It was even before Dad and Mom went on their trip, talks of being able to go back home for even one day were discussed, especially with my PT/OT. Mom and Dad wanted to take me home for the 4th of July to enjoy a barbeque picnic with the family. The day they came back from their trip I started working on safe transfers for safe transport from my wheelchair to the car seat by Dad. Mom and Marcia helped with the safe transfers to the potty chair. They all did great and now I was all set for the day! I started praying in advance for that day that nothing would hinder my going and that it would be one, like the others in the past, of great memories. God definitely answered those prayers and when I returned that next day, I started to see things of why I am here through different eyes.
Going home was a little weird at first. I could see it in my mind, but it was a lot of asking which direction I was facing and going by sense of touch. When we got inside, Dad said I should call for Muffy (the cat). Muffy, of course, still thinks home is my bed! So, mom wheeled me to my room so I could give him a petting. I started crying because I could not see him, but I could feel his ears and gave him a good scratch under his chin! I could also tell he has a very healthy appetite because he feels quite large! My room is the only thing I cannot envision. The only thing that remains is my bed, as everything else is at my room in the nursing home. So as we left there, I still envisioned the room as it used to be. The rest of the evening seemed to flow. I sat on the recliner chair with my feet up and the sun did not hurt my eyes as it did in the past. We sat out on the deck while Dad got the grill going and discussed the trees, flowers, birds and mom’s garden. When dinner was ready, I cannot tell you how amazing it tasted! Dad’s grill master skills, mom’s pasta salad and fresh fruit was all wonderful. I stuffed myself that night! It was GREAT! Even ended it with those obnoxiously delicious sugar cookies with messy blue frosting on the top. I had a cup of coffee that contained Almond Joy creamer—the best ever! As we finished talking and it got towards time to go, I guess there was a really pretty sunset. We took more pictures, which, of course, I will never see, but facing in the direction of Mom’s garden and trees—in my mind—I have a pretty good idea of what it looked like!

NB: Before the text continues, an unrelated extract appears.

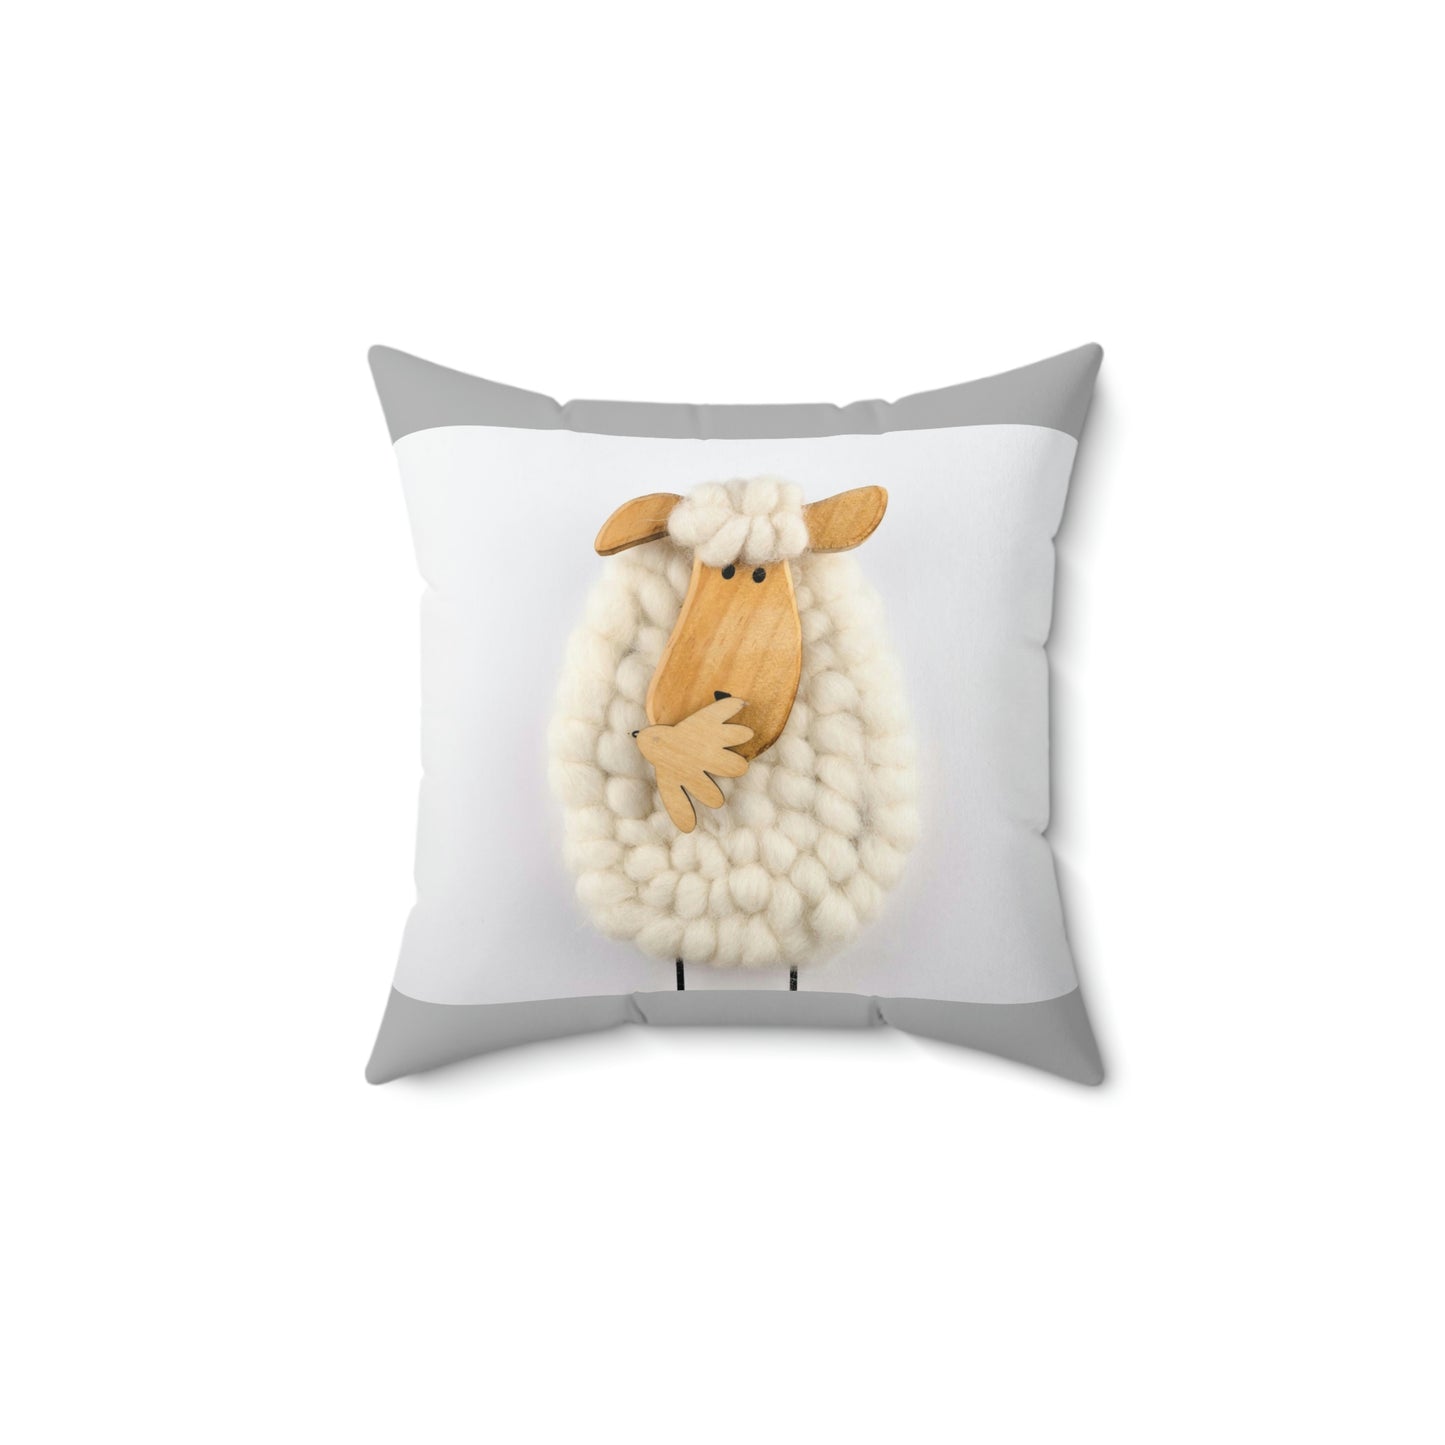 Sheep Pillow Case - Light Gray and White Colors - Faux Suede Square Pillow Case
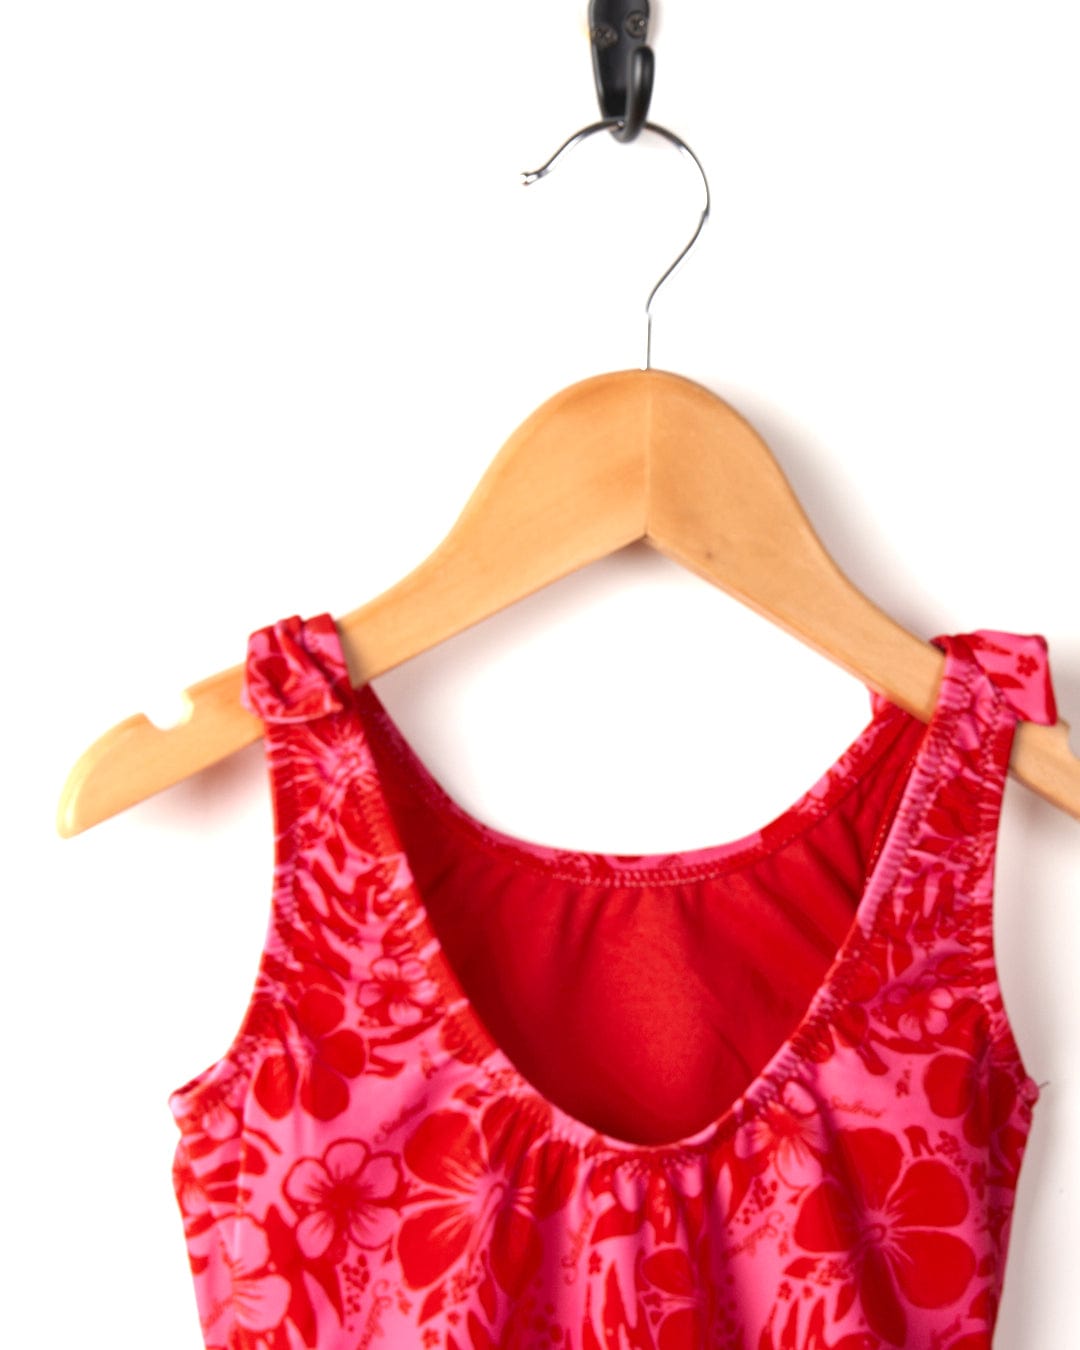 Red floral Saltrock Sunny Hibiscus dress hanging on a wooden hanger against a white background.

I really didn’t want to come back, but the next day I did some thinking. It took going home for me to see how much work I really do need now that I am fully dependent on everyone for everything. I know my family loves me with all their hearts and this has been just as hard on them as it has me. I know even if I were to be at home, they would do anything for me just like they did on the Fourth of July, but I now realize that my needs can be taken care of by others here too in order that when my family and friends come, I have more time to spend with them, especially now that communicating takes so much longer! I have also realized with living with half my things here at the nursing home and my other half of things at home—it’s a strange feeling to realize that this world really is NOT my home. Ginny Owens wrote a song called “If You Want Me To”. In it, she talks about how she doesn’t understand why she was brought to the place of where she is at this point in life. She says, “It may not be the way I would have chosen, when you lead me through a world that’s not my home, but You never said it would be easy, You only said I’d never go alone.” The more I sit and talk to God, I know I am not alone . . . the more I sit and squeeze Teddy and think of all my family and friends, I know I am not alone. “Hope” now has a different meaning, it is not necessarily where I sit, but how I view what my home in heaven will really be like and that brings a lot of comfort!
“Do not let your hearts be troubled. You believe in God; believe also in me. My Father’s house has many rooms; if that were not so, would I have told you that I am going there to prepare a place for you? And if I go and prepare a place for you, I will come back and take you to be with me that you also may be where I am.